Capsud.net : D’aucuns estiment que le pouvoir en place n’a pas la volonté d’organiser les élections et qu’il cherche des prétextes pour éloigner davantage la perspective d’avoir des élections cette année. C’est aussi votre avis ?

 

Freddy Matungulu : Les élections devraient être organisées en 2016, puis en 2017. Elles ne l’ont pas été. C’est cela la raison du scepticisme ambiant, du manque de confiance de la population au processus électoral dont les grands animateurs restent les mêmes principaux acteurs de l’absence de progrès dans ce domaine depuis deux ans. Les populations vivent dans leur chair les conséquences socioéconomiques dramatiques de cette situation. Je partage totalement leur pessimisme. Il appartient à Joseph Kabila et à ses équipes de nous prouver le contraire. C’est ce que nous attendons, et c’est pour cette raison que nous, à Congo Na Biso, continuons de travailler pour nous rapprocher davantage de l’électorat. Quoi qu’il en soit, ce que peuple veut, Dieu veut. Je suis convaincu que nous finirons bien par avoir de bonnes élections dans ce pays, avec ou sans Kabila. Qu’on se le tienne pour dit !

 

Capsud.net : En même temps, on évoque la précarité de la situation sociale et économique. Que faut-il faire ?

 

Freddy Matungulu : J’ai déjà perdu tout espoir de voir la kabilie s’attaquer de front à la corruption qui gangrène les institutions du pays et empêche la mise en œuvre sérieuse de reformes susceptibles de rencontrer tant soit peu les préoccupations de la population. Dans beaucoup de pays, les périodes pré-électorales sont rarement des moments de grande retenue budgétaire. Il en sera certainement de même ici en RDC. Je m’attends donc à la poursuite du pourrissement de la situation socio-économique dans notre pays pendant les prochains mois. Dans ces conditions, les élections doivent avoir lieu le plus rapidement possible pour qu’enfin puisse s’ouvrir le temps du travail et de la remise du pays sur la voie du progrès. Une telle perspective ne semble plus possible avec les leaders politiques actuels.

 

Capsud.net : Faut-il régler les problèmes socio-économiques ou organiser les élections en priorité ?

 

Freddy Matungulu : Les deux actions ne sont pas mutuellement exclusives, au contraire. En effet, les élections, spécialement quand elles sont bien conduites, clarifient l’horizon politique et rendent le pays plus attrayant aux yeux des investisseurs.
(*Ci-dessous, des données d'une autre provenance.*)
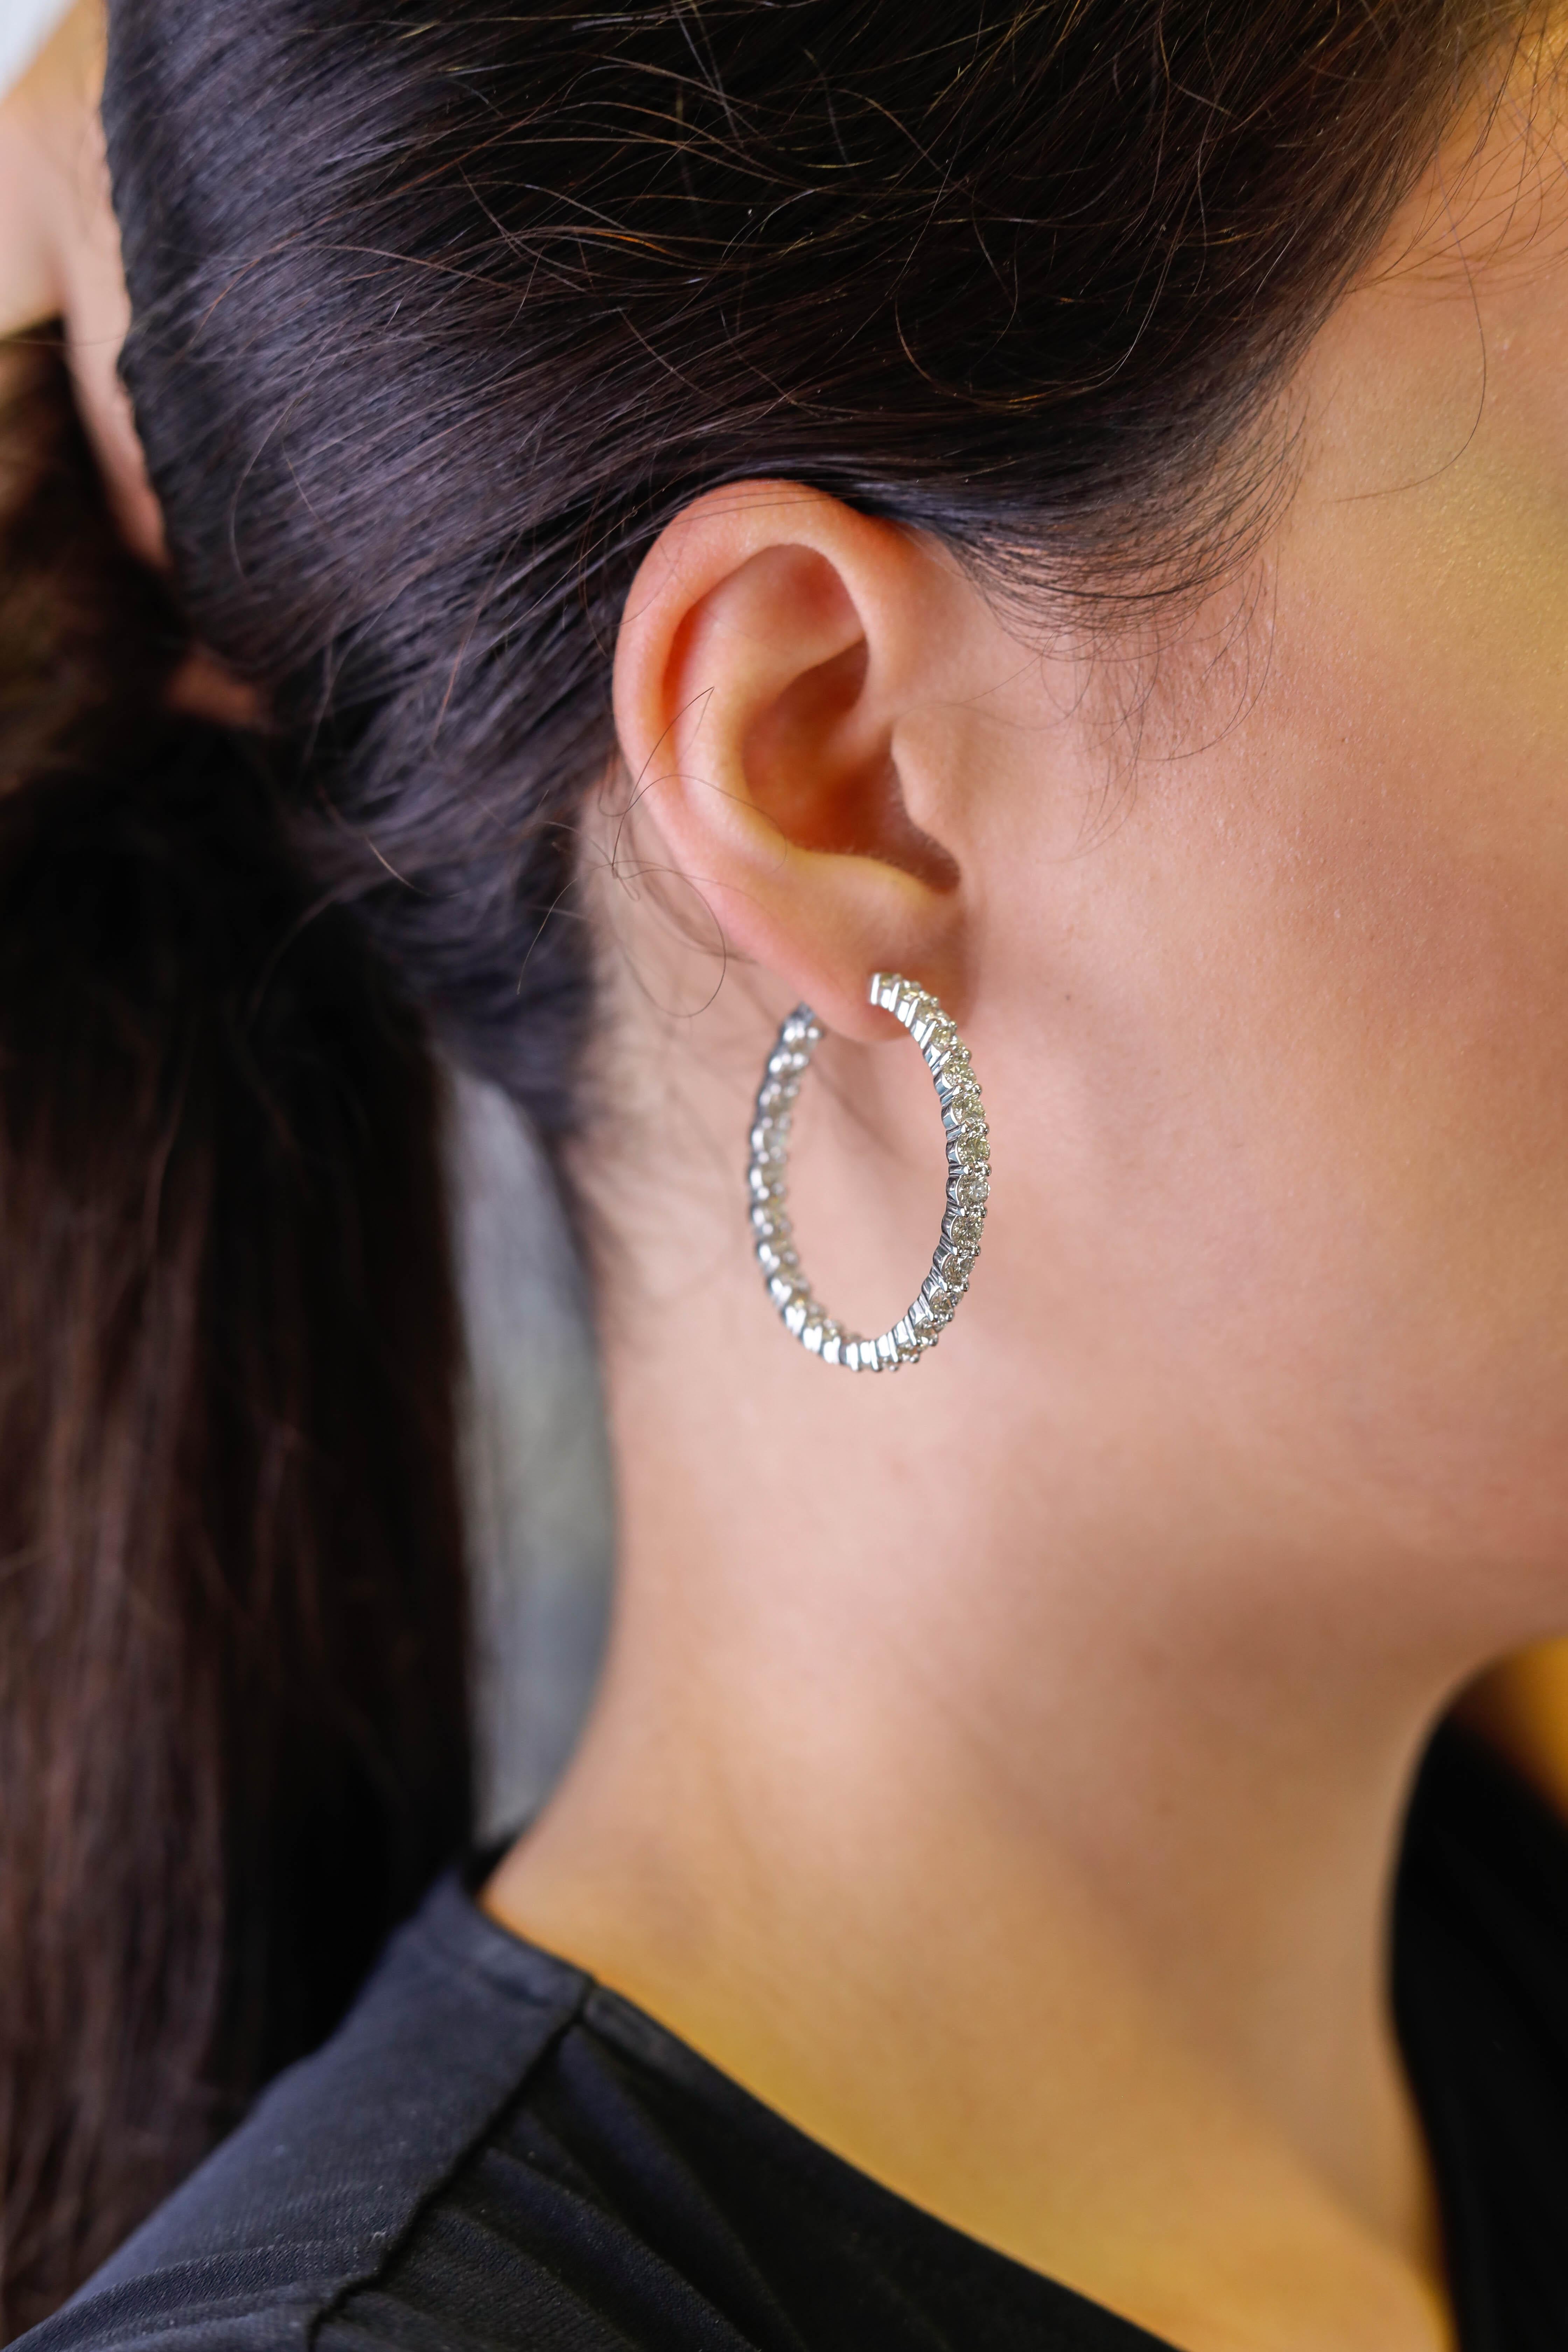 18 Karat Weißgold Runder Brillantschliff 8,0 Karat Diamant-Reifen-Ohrringe Schmuck

Das perfekte Geschenk zum Jahrestag für sie. Ein klassisches und elegantes Design. Präsentiert Sie (Anzahl der Steine) runde Diamanten von hoher Qualität, insgesamt

Ouvrant ainsi de nouvelles opportunités économiques pour les citoyens, elles devraient potentiellement avoir sur les conditions sociales un impact à moyen et long terme plutôt favorable et significatif.

Par ailleurs, les dépenses électorales agissent aussi positivement sur le social si le matériel électoral acquis est produit par les entreprises locales qui voient leurs activités se renforcer. Ce qui est bénéfique pour leur personnel et peut avoir des effets secondaires plus au moins importants sur l’ensemble de l’économie.  Le vote ne peut donc pas être sacrifié au prétexte d’allouer le budget électoral aux actions de lutte contre la pauvreté. Agir ainsi serait mal appréhender la problématique. D’autant plus qu’à court terme, les contraintes financières liées à l’effort électoral peuvent être levées grâce à l’appui annoncé des partenaires extérieurs.  D’un autre coté, peut-on vraiment régler les graves problèmes socioéconomiques de la RDC rien qu’avec les ressources actuellement allouées aux élections ? Bien sûr que non ! De toute façon, très peu de cet argent irait aux bénéficiaires ultimes dans le contexte de gouvernance galvaudée qui est le nôtre. Les deux dernières années de reports des scrutins sont très éloquentes à ce sujet.

 

Capsud.net : Si la CENI tenait, malgré tout, promesse d’organiser les élections cette année, votre parti serait-il prêt ? Aurez-vous des candidats à tous les niveaux ?

 

Freddy Matungulu : Notre parti est en effet prêt. Et, dans le cadre de notre nouvelle plateforme électorale dont les contours seront bientôt être rendus publics, nous entendons avoir des candidats à tous les niveaux.

 

Capsud.net : Qui sera votre candidat à la présidentielle ?

 

Freddy Matungulu : Je suis favorable à la mise en place d’une candidature unique de l’opposition. Le moment venu, je m’emploierai modestement à convaincre mes pairs du bien fondé de ma désignation en tant que tel. Avec leur accord, ce serait une responsabilité historique dont me déchargerais avec honneur, abnégation, et patriotisme.